2007 GSA Denver Annual Meeting (28–31 October 2007)

Paper No. 5
Presentation Time: 2:35 PM

USING THE “LIFESTYLE PROJECT” TO INCREASE ENVIRONMENTAL AWARENESS


EARLE, Steven, Geology, Malaspina University-College, 900 5th St, Nanaimo, BC V9R 5S5, Canada, KIRK, Karin, Department of Earth Sciences, Montana State University, Bozeman, Bozeman, MT 59717 and WRIGHT, Paul, Southampton Solent University, Southampton, United Kingdom, earles@mala.bc.ca

The Lifestyle Project is a tool for helping students understand the kinds of changes that each of us can make to reduce our impact on the environment. Although the project addresses a range of environmental issues, it is particularly applicable to an awareness of our individual contributions to climate change. Completion of the project requires students to make significant changes to their lifestyles—in areas such as transportation, energy use, water use, waste and diet—and to keep a written record of those changes and their personal impacts. A key aspect of the project is that it challenges students to make increasingly stringent changes over a period of several weeks.

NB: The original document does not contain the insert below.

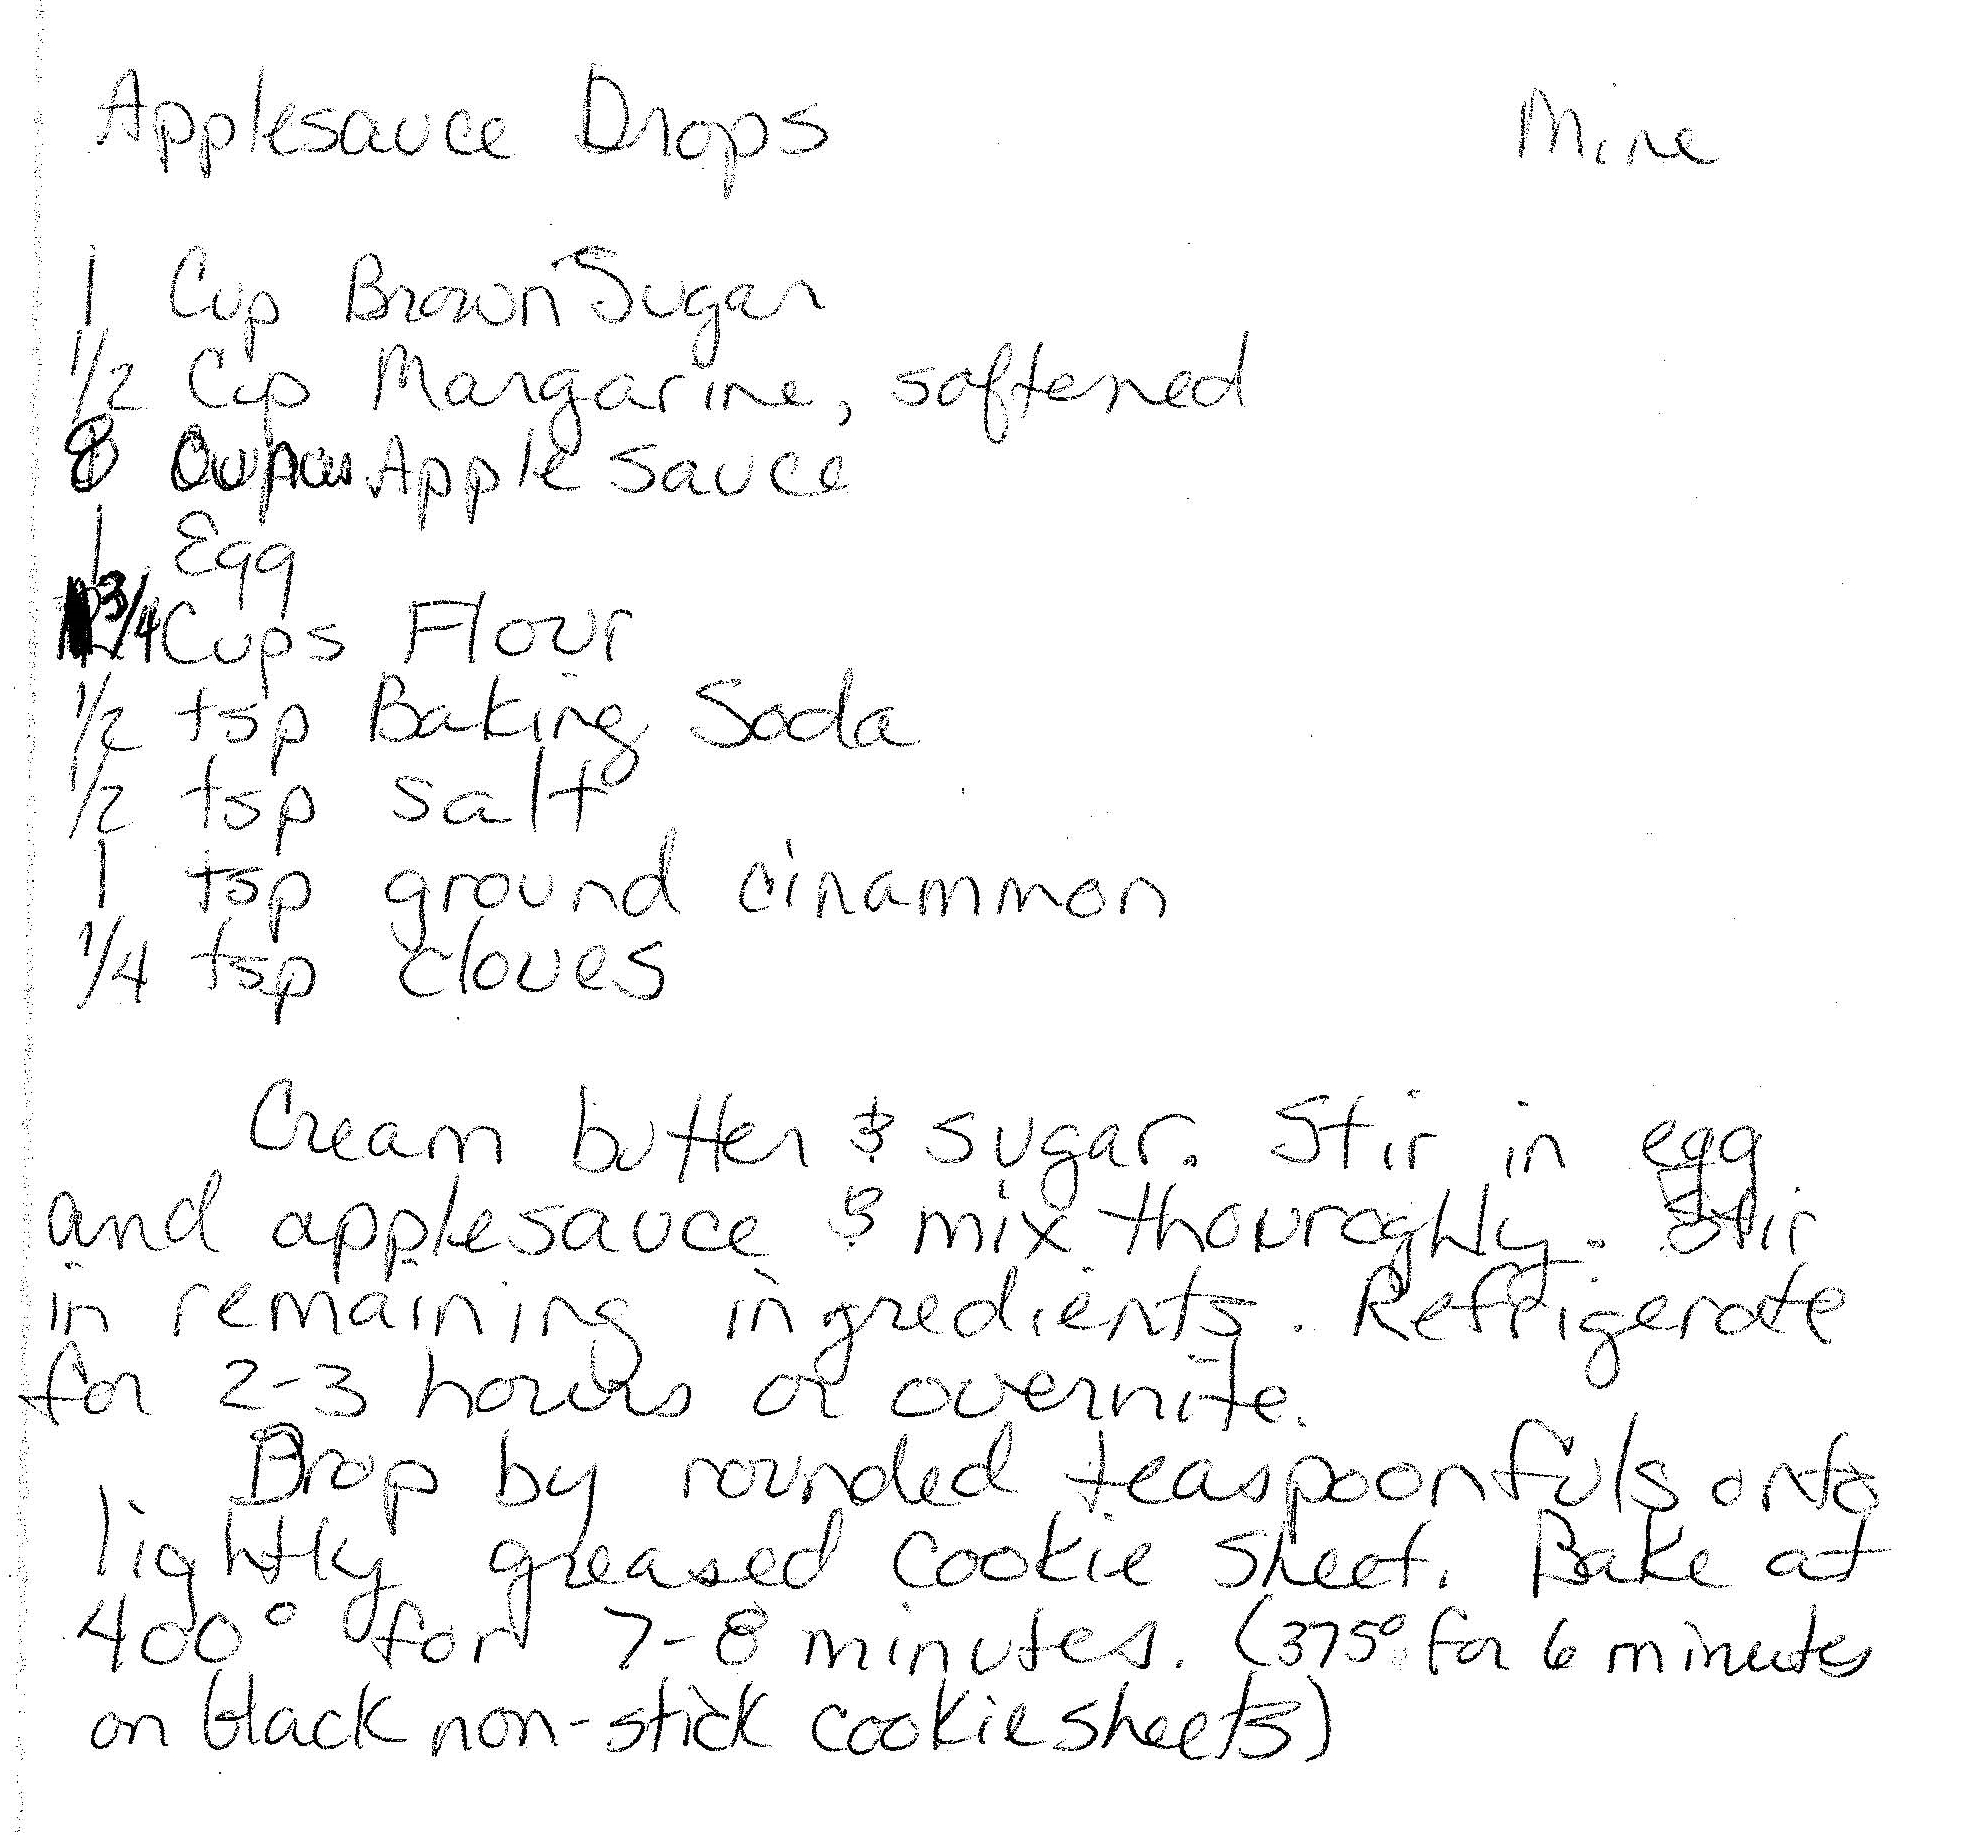 Applesauce Drops Recipe

We will describe the adaptation of the Lifestyle Project, in both face-to-face and on-line courses, in three different educational settings in the US, Canada and Great Britain. We will discuss how the project works and how students respond to their lifestyle changes; we will also present the results of longitudinal studies into the impact of the project on the participants' behaviours and attitudes.

Some of our findings are as follows: • Students report a growing realization that ‘talk is cheap' and that action is far more challenging. • Most students experience a shift in their awareness—they discover the need to think about their environmental impact before they act. • Many students comment that reducing their environmental impact has time and convenience costs, however some discover that they can actually save time and money, and improve their quality of life, through their efforts to protect the environment. • Some students report that small changes early in the project are easy but substantial changes, made towards the end, are much more difficult. • Students enrolled in an on-line course found that the Lifestyle Project created a strong sense of community and teamwork. • The “take-home” nature of the Lifestyle Project means that its effects commonly extend to family, friends and beyond.